Apparently, this happens because the buildx plugin, which is the default builder in many modern Docker setups, can build images in parallel and uses an isolated builder environment. An image built for one service (like qsim): might not be immediately loaded into the local Docker daemon's image store. When the build for a dependent service (like qsim-cxx-tests) starts, it can't find the qsim base image locally and falls back to searching Docker Hub.

This is despite the fact that a plain docker compose build locally (at least in my Debian Linux environment) works as expected.

After a lot of trial and error, the only solution I could find is to split up the docker compose build … into 2 steps, the first being to build the qsim base image separately:

- name: Build Docker images
  run: |
    docker compose build qsim-base-image
    docker compose build qsim-cxx-tests-image qsim-py-tests-image

In addition to this change, in the process of debugging this I found it useful to make some housekeeping changes to the Dockerfile and docker-compose.yml files, in particular to change the names of jobs and images to distinguish the different things being run or built. (Having several things all named qsim was not helpful.)

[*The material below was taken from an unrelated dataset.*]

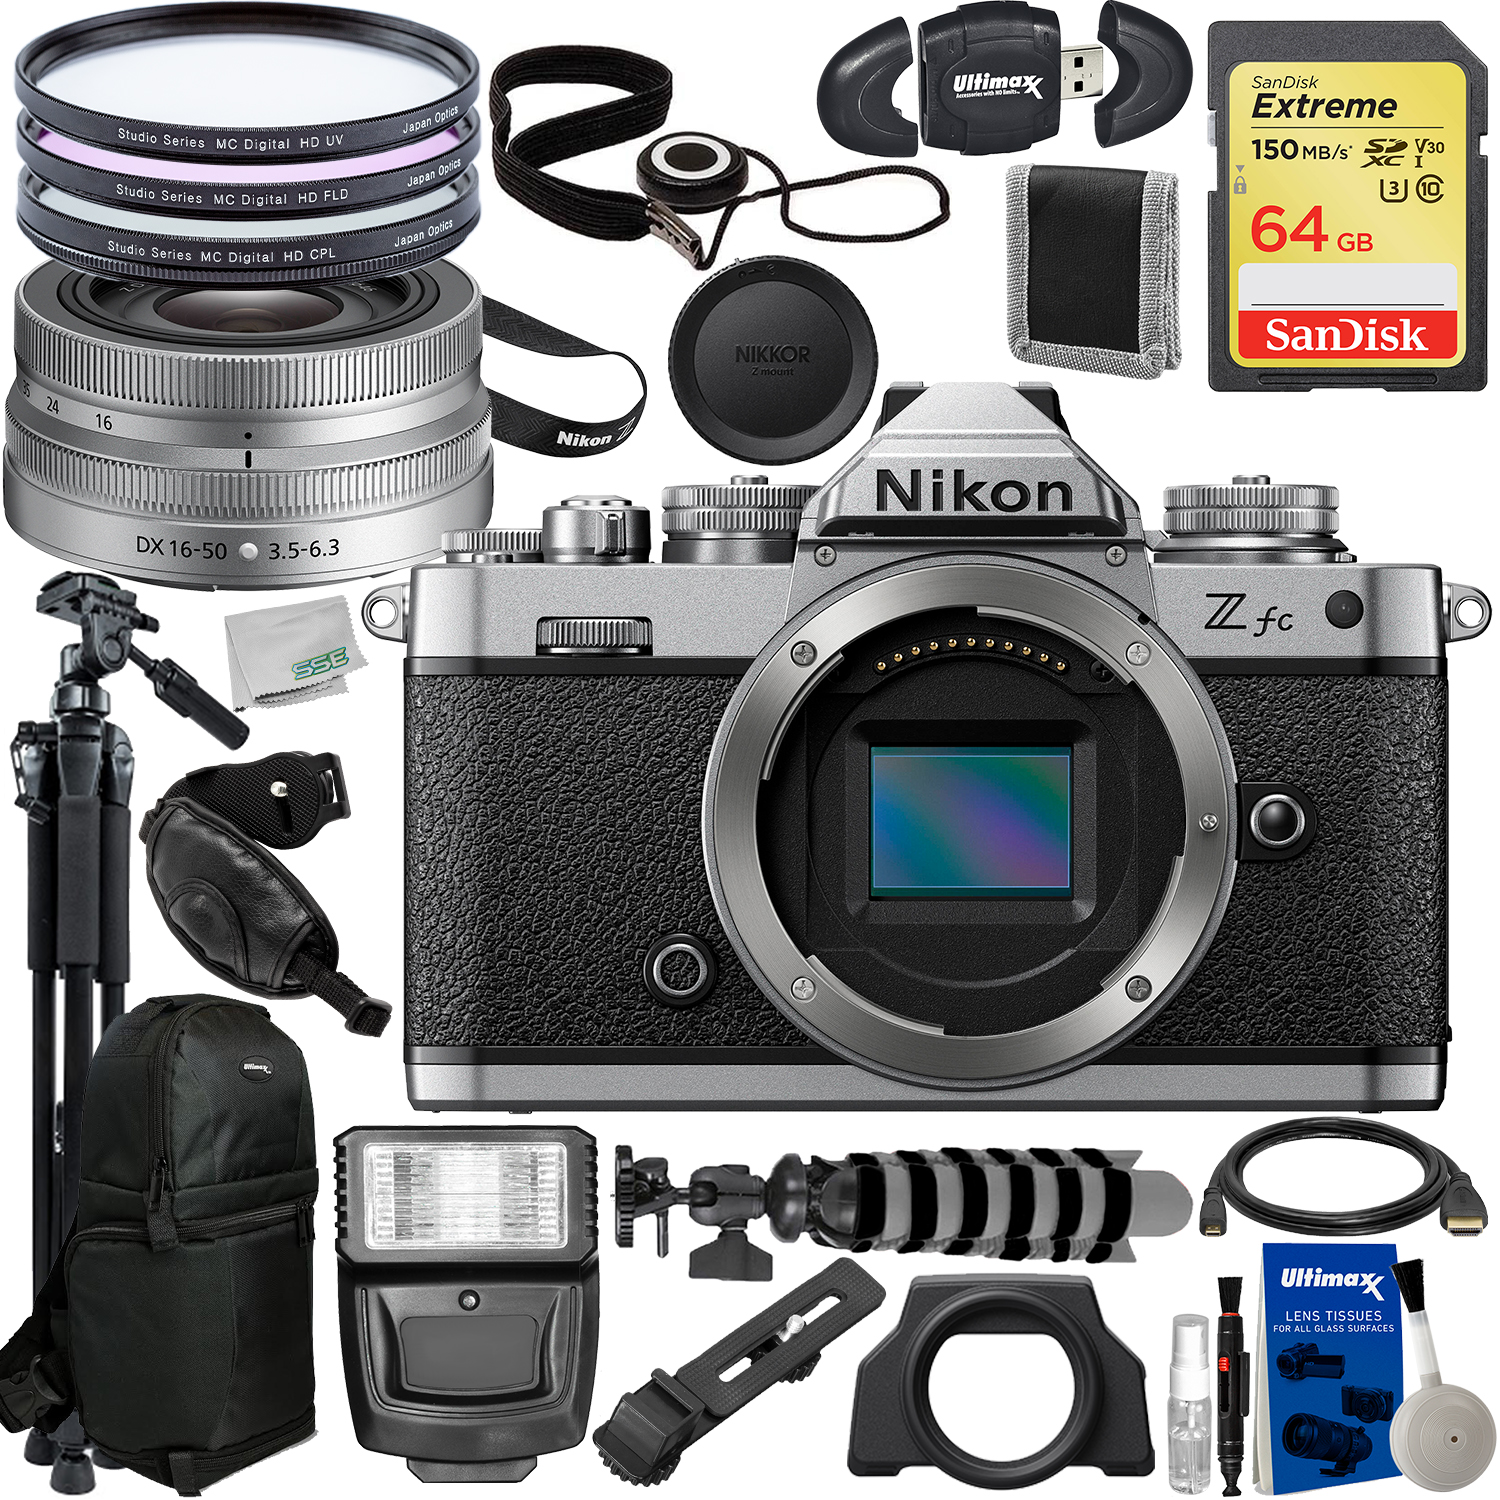 Nikon Zfc Mirrorless Camera with 16-50mm Lens and Essential Accessory Bundle: SanDisk 64GB Extreme SDXC, Sling Backpack, Digital Flash & Much More (26pc Bundle) - image 1 of 10

Noting here what else I tried and that didn't work:

  • What I thought would be the obvious solution (i.e., using the command-line argument --parallel 1 or setting the env var COMPOSE_PARALLEL_LIMIT to tell buildx not to build in parallel) did not work on GitHub. Since I can't reproduce the problem locally, I can't be sure if that would have solved it anyway.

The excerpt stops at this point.